If he sent an email with just a text message, everything would be OK but if he attached an INVOICE PDF file his messages would not be delivered. I was able to send JPG, WORD files without issues.
I did a message trace on these messages to realise that they were being quarantined due to malware.
There was nothing wrong with his pdf file except for the URL of his website IE www.domain.com in the page header of his invoice.
He was creating the invoices with excel than exporting his invoice to PDF.
When I removed the URL of his website from the excel invoice template, the emails would deliver.
Therefore I temporarily modified his website URL of the invoice header to domain.com which allowed the email to be sent.

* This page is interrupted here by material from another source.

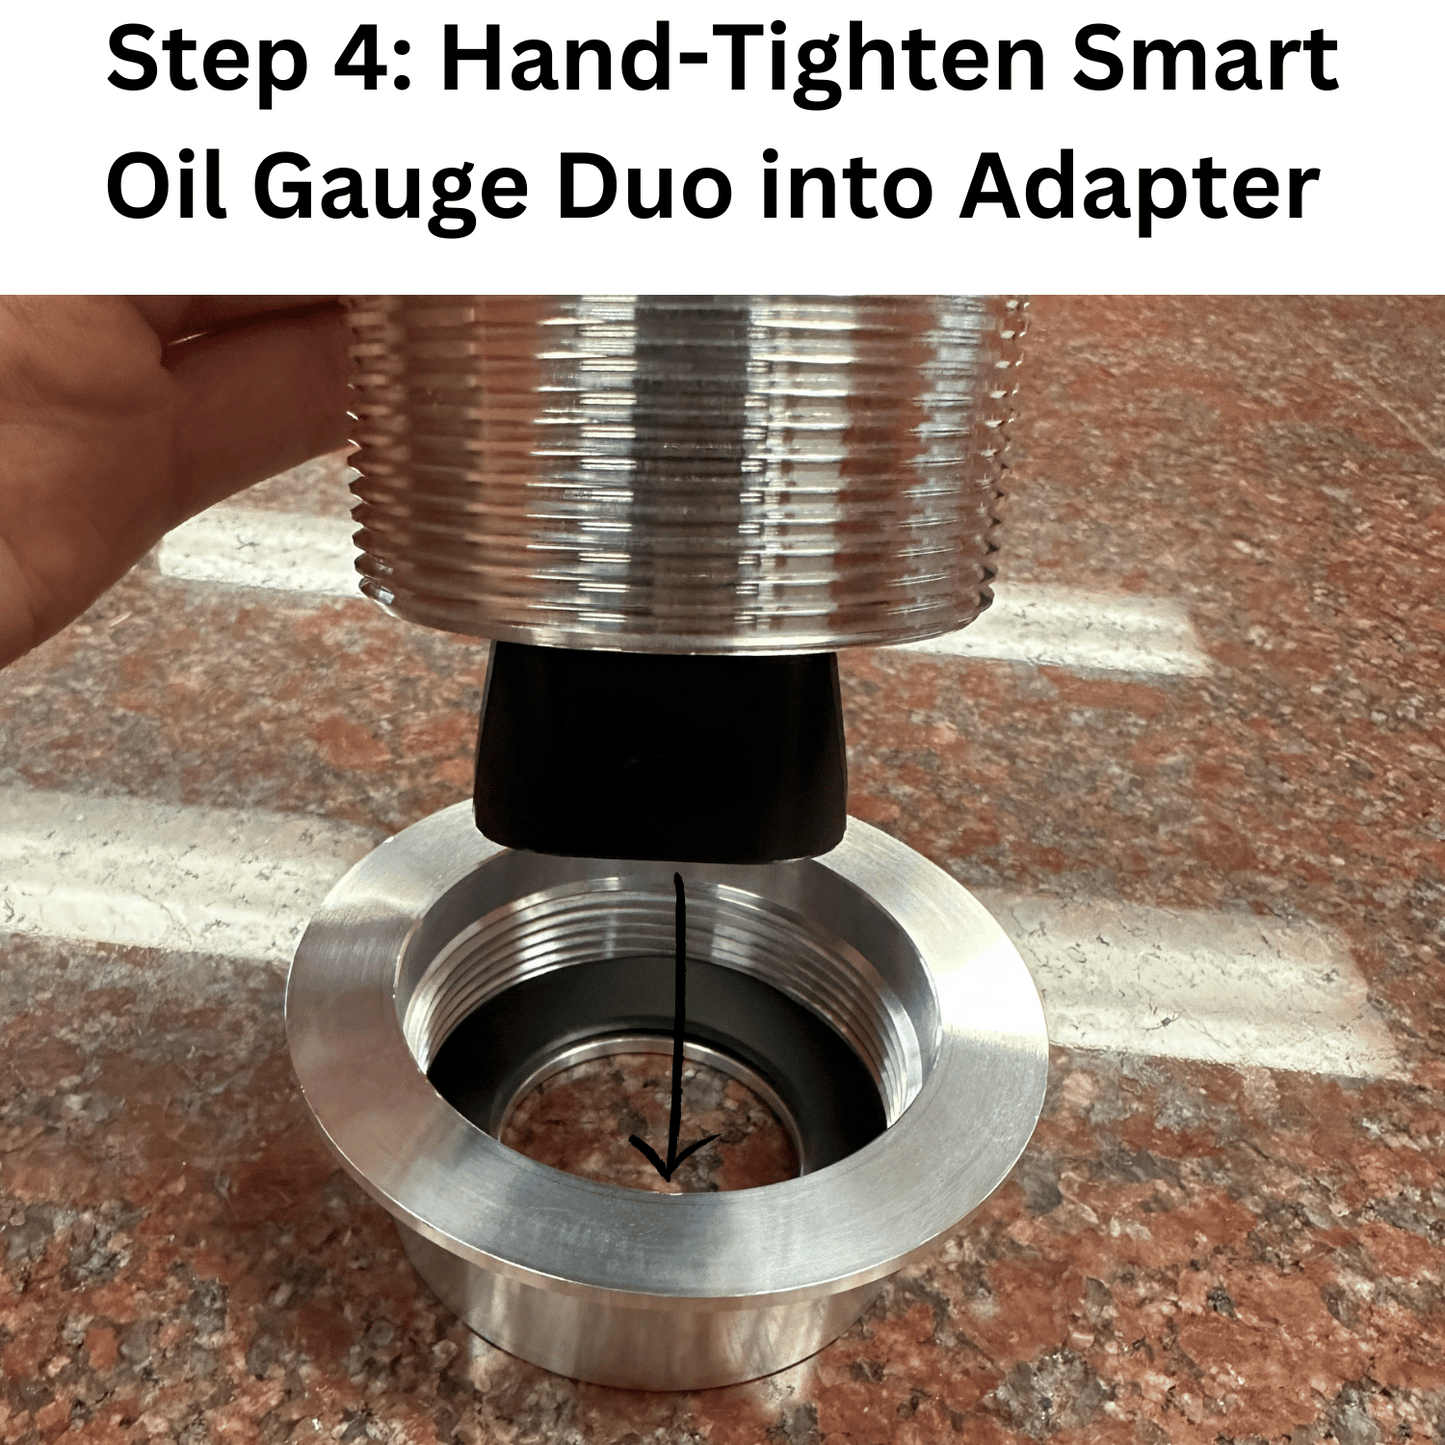 DUO – Adapter for Double Wall Tanks

The URL detonation technology shouldn't assume that all links are bad. There should be some checking to verify if the links are malicious or not.
This could also cause inbound emails to be quarantined if they have links in them.
He only has a business standard subscriptions and he is not going to purchase a windows defender premium subscription because he is a small businessman.
I was able to create an exclusion under safelinks for his website URL but only for 30 days.
This is really disappointing.
Best regards
Alfred
- Ana_B2110Copper ContributorHi Alfred,
We've had issues with PDFs too and I'm going to test the same as you did. Thanks! This could be really usefull. On the long run though, we did the same and added our domain on the allow list for safe links, but so far that has only allowed the emails to leave our tenant. Customers and clients who work with Microsoft quarantine the messages on their end now so we still don't have any functioning email communication available to us. People have even tried to send invoices and reports as PDFs from their private emails, but if they contain our domain, the other organizations don't receive the messages. There must be away to get a domain off that list, right? - JeremyTBradshawSteel Contributor
AlfredB what you described - seeing it often. The M365 apps to PDF seems to be a regular trait of the situations. Makes me think they give too much weight to URLs particularly when in attached PDFs. But I agree. This is a lot of reaching with these intense verdicts.
That said, this points out how relevant the Quarantine policy permission "Request to release" is. I personally feel all threat types should be quarantined not rejected, and for the worst threats, Request to Release permission. This way admins don't have to be on the hook for missing false positives that go away permanently. Users would be responsible to review their own Quarantine.
Problem is, there's a ton of high confidence Phish so it can lead to Quarantine fatigue for users.
Email is a little annoying in this area.